Став знаменитым, Витгенштейн таинственным образом исчез. Он повернулся спиной к академической философии и удалился в деревню.

Десять лет спустя Витгенштейн вернулся в Кембриджский университет с новой идеей. Столь длительный перерыв стал сдвигом парадигмы, но только для одного человека. Он кардинально изменил теорию философии. Новая работа Витгенштейна утверждала, что его первая теория мира, благодаря которой он стал известен десятилетием ранее, являлась полной бессмыслицей, пустой тратой времени. Он якобы заявил, что любой, кто все еще работает над ней, должен бросить свою работу и заняться чем-то более полезным.

Данная область философии до сих пор не восстановилась.

Известный философ Принстонского университета Сол Крипке прокомментировал второй трактат Витгенштейна такими словами: «Это все еще самая радикальная и оригинальная проблема, которую философия знала по сегодняшний день». В 1999 году во время опроса тысячи профессоров философии должны были назвать самую важную и влиятельную работу ХХ века. И ею оказался «Сбежавший победитель» – второй трактат Витгенштейна.

Витгенштейн все еще верил, что язык – это ключ к пониманию мира. Но больше не верил, что логика – ключ к пониманию языка. Скорее, суть языка была социальной, а секрет его понимания заключался в представлении о том, как люди играют в координационные игры друг с другом.

Как могло мышление одного человека столь радикально перейти от одной интеллектуальной крайности к другой? Что же происходило в те годы, когда Витгенштейн жил в деревне, отдалившись даже от философии?

Он работал воспитателем в детском саду.

По слухам, его сестра так описывала тот период: «Это было похоже на использование высокоточного прибора в качестве палки для распугивания ворон». Но известный философ не прятался и не тянул время. Он разрабатывал новый метод, чтобы изучать философию, а вместе с ним и совершенно новую теорию мира.

Оказалось, что Витгенштейн использовал детский сад как своего рода философскую лабораторию. Он наблюдал за детьми: за тем, как они играют, как учатся, как выражают мысли, как следуют социальным нормам. Детский сад стал для него лабораторией по изучению координационных дилемм и способов их решения.

Новая философия Витгенштейна заключалась в том, что социальная жизнь может быть сведена к серии координационных игр. Язык являлся главной игрой, которой увлеклись люди, и именно он определял все особенности того, как мы думаем и как работает общество.

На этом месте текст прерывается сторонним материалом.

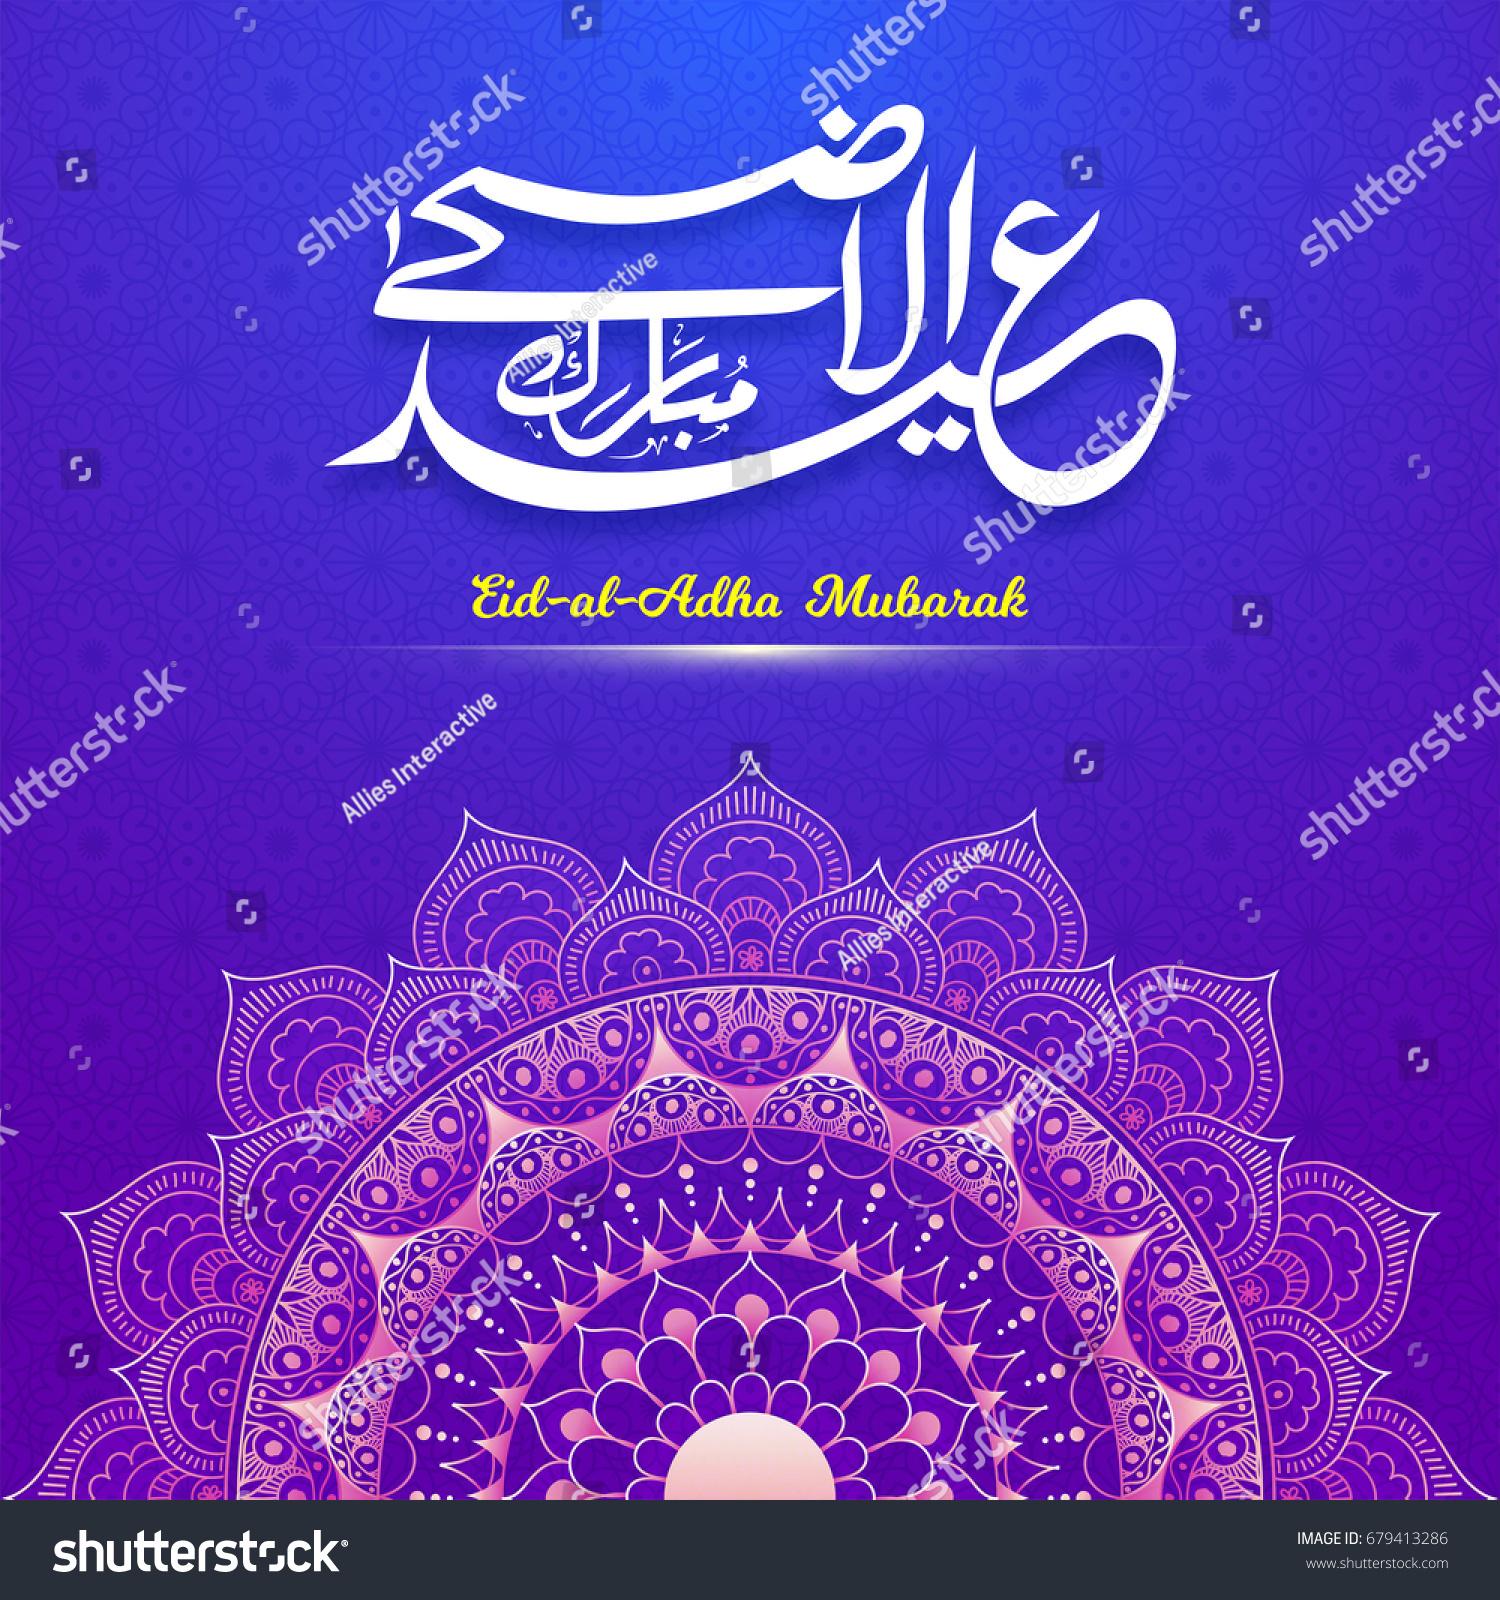 Islamic Festival Sacrifice Eid Al Adha Mubarak Greeting Stock Vector

Вот лишь несколько примеров:



1. Мы с вами встречаемся в первый раз.

Я протягиваю руку, ожидая рукопожатия. Вы улыбаетесь мне, но не пожимаете руку.

В следующий раз, встретившись с незнакомцем, протяну ли я ему руку для рукопожатия?

В следующий раз, встретив незнакомца, протяните ли вы ему руку для рукопожатия?

Сколько неудачных рукопожатий потребуется, прежде чем я перестану протягивать руку каждому новому незнакомцу? Чем мне заменить данное действие?



2. Мы с вами – новые коллеги.

Мы тепло беседуем у кулера с водой.

Вы упоминаете, что ваша зарплата ниже, чем, по вашему мнению, вы заслуживаете, и задаетесь вопросом: возможно, наш общий работодатель платит людям несправедливо?

Я замолкаю, а потом неловко меняю тему разговора.

В следующий раз, когда вы столкнетесь у кулера с водой с новым коллегой, упомянете ли вы о своих опасениях по поводу справедливости зарплат?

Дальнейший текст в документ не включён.